---- Supplied information
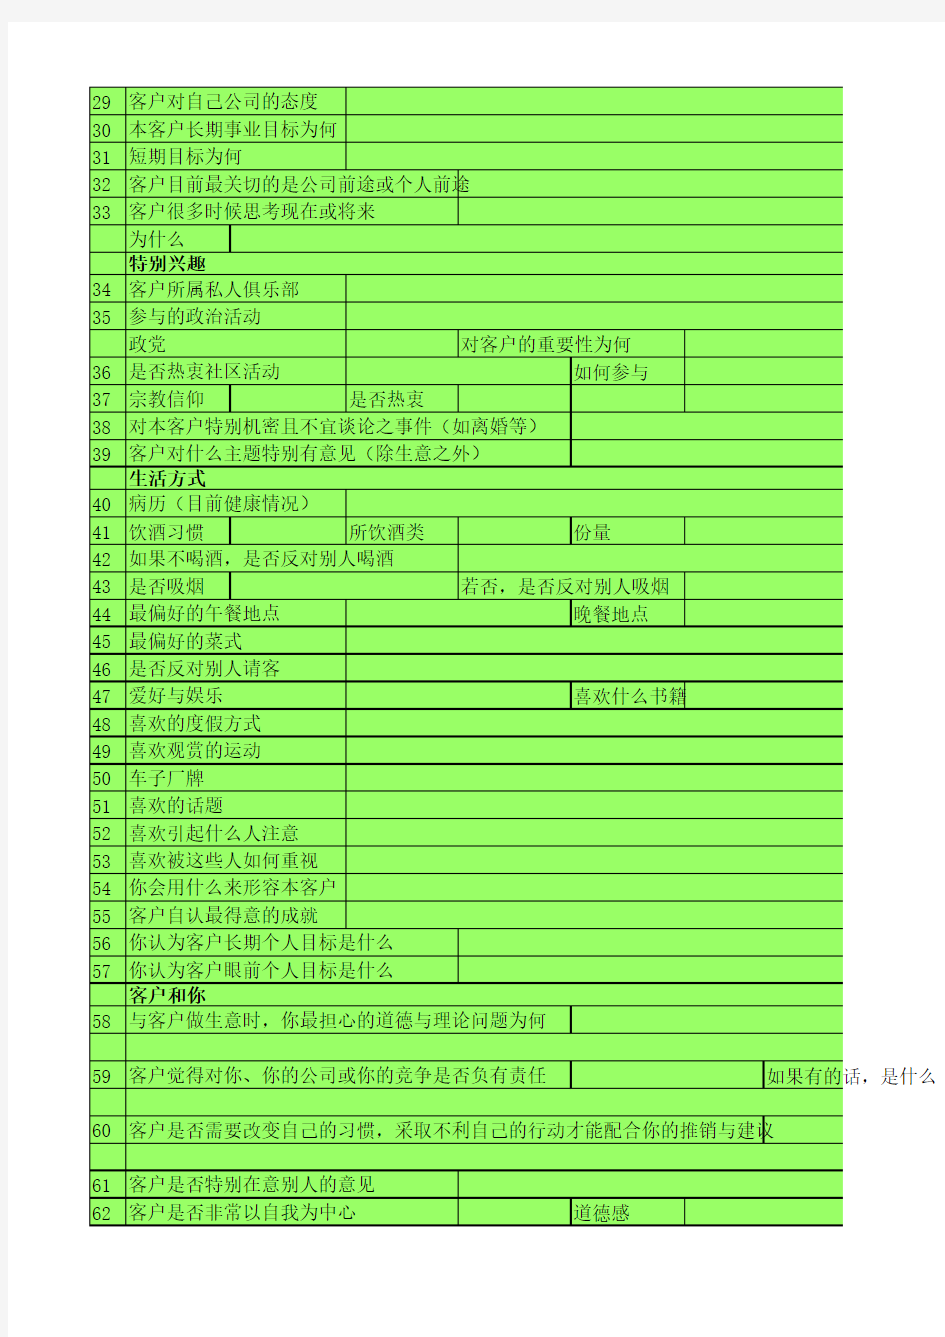 麦凯66客户信息表,2015.11.29更新,中国版
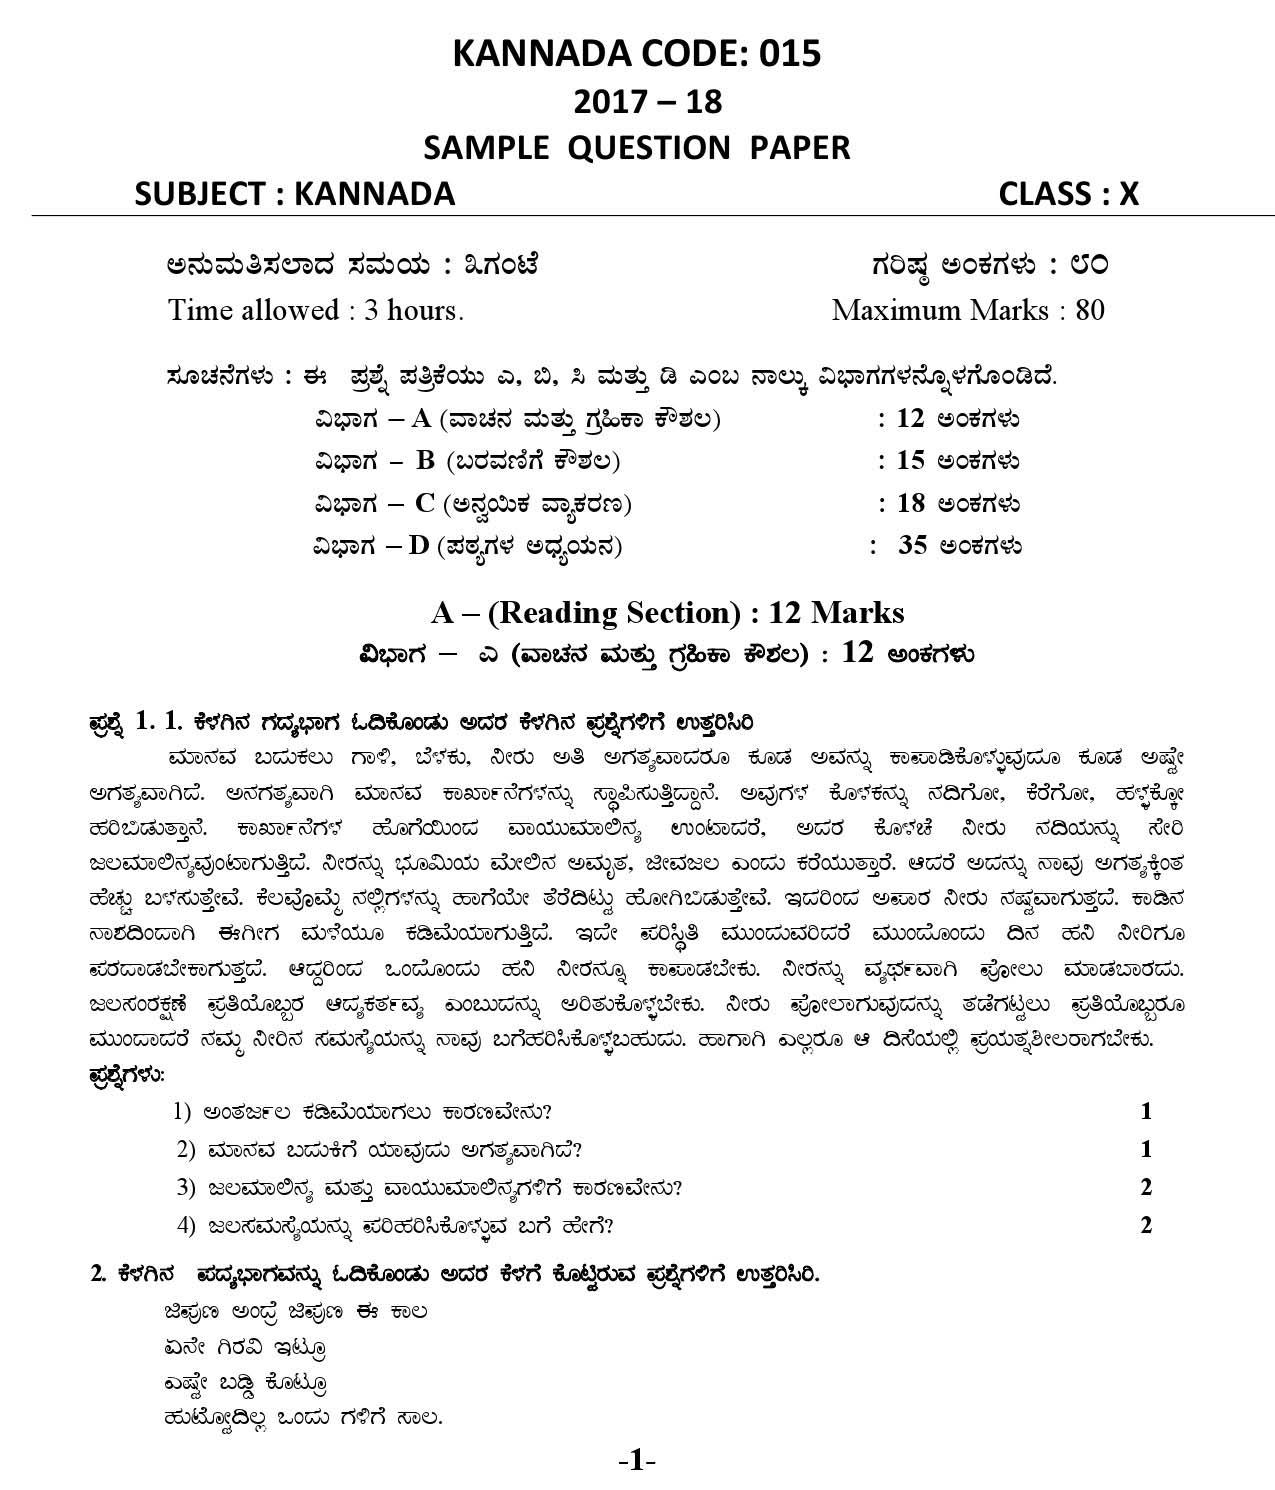 Kannada CBSE Class X Sample Question Paper 2017 18 - Image 4
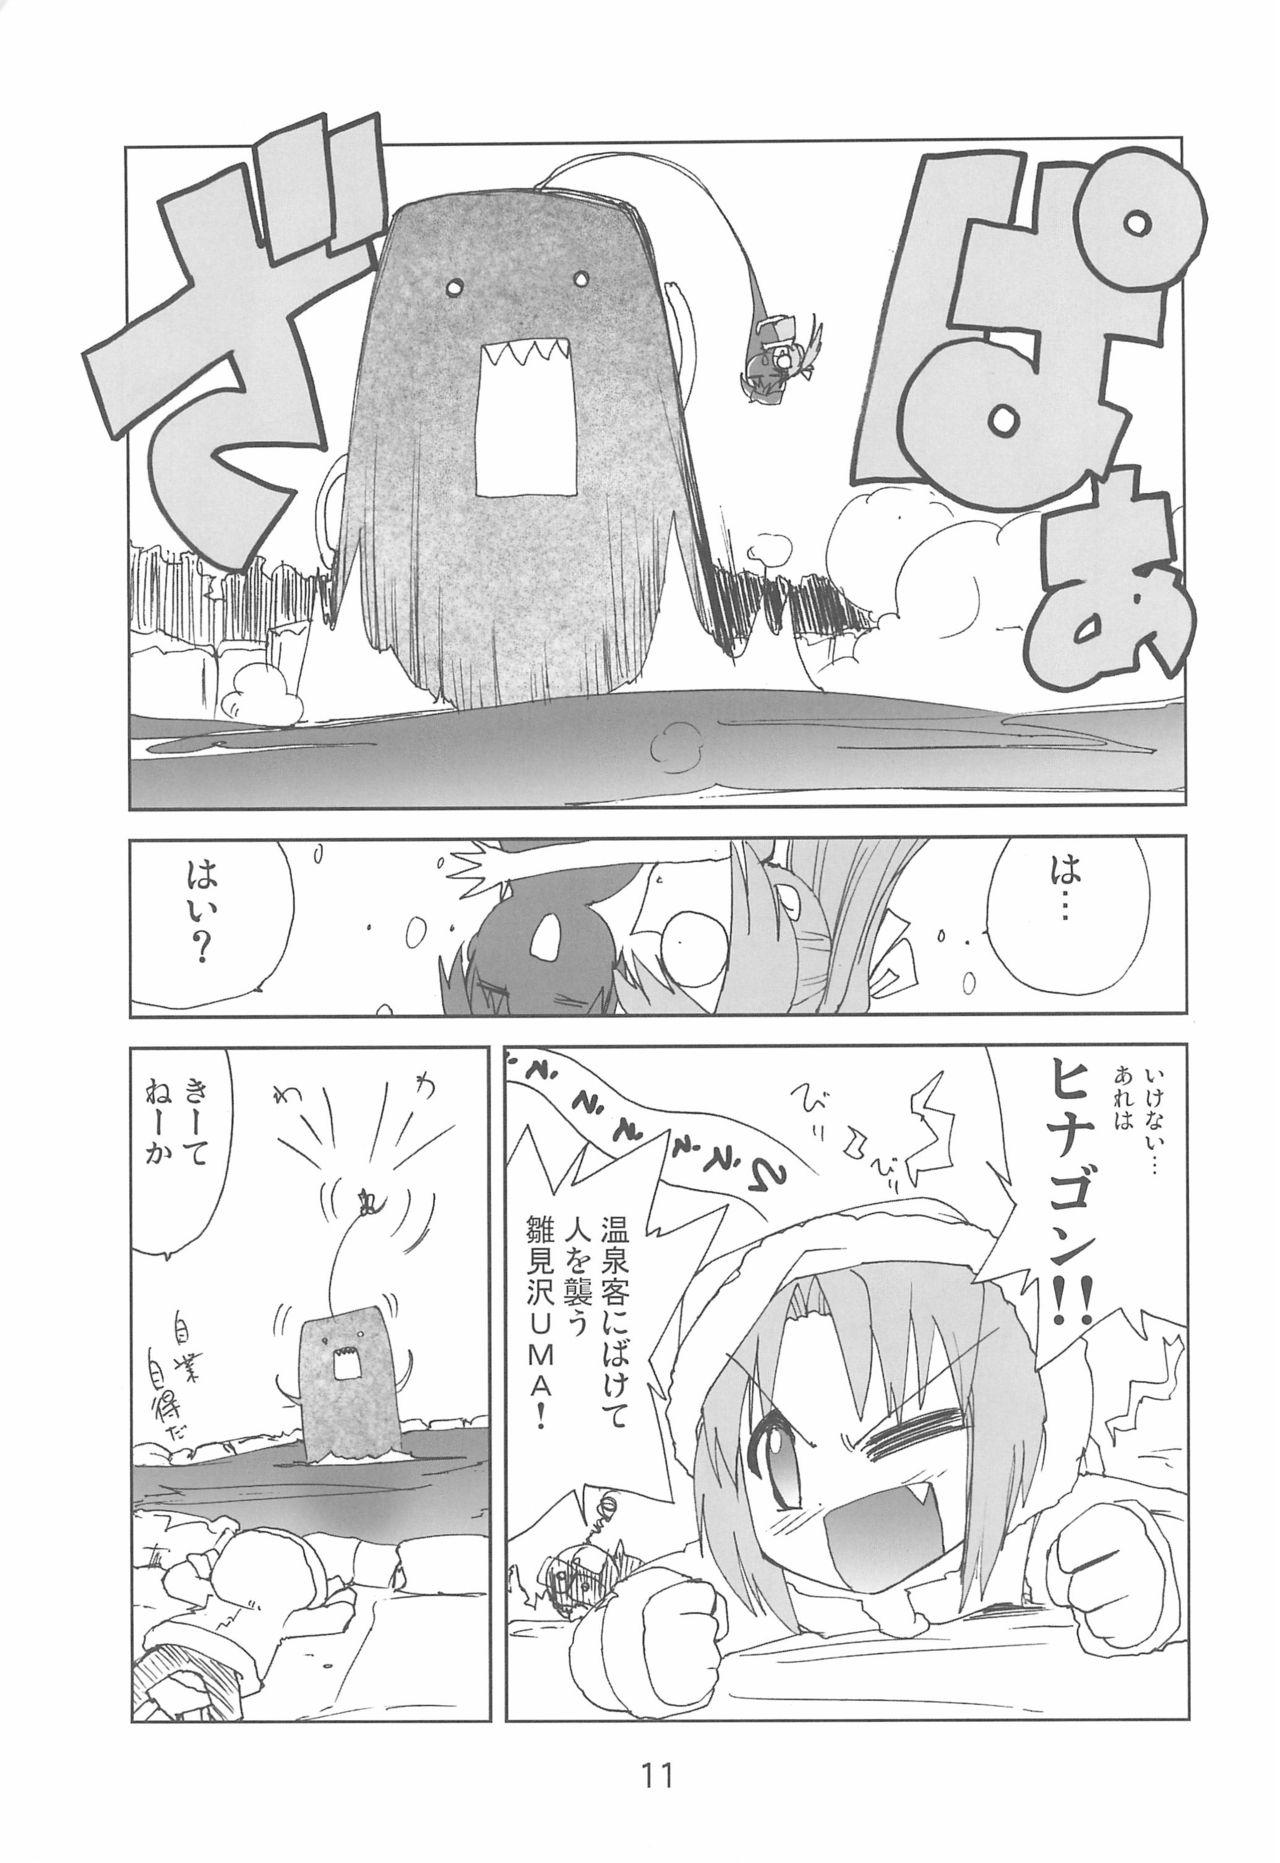 Stroking Fugurashi no Naku Koro ni Kai - Higurashi no naku koro ni | when they cry Spit - Page 11
--------
Task description » What is needed is the full material, retyped unchanged, with no pictures in it.

Written reply »
 麦凯66客户信息表,2015.11.29更新,中国版
 Kannada CBSE Class X Sample Question Paper 2017 18 - Image 4
 Stroking Fugurashi no Naku Koro ni Kai - Higurashi no naku koro ni | when they cry Spit - Page 11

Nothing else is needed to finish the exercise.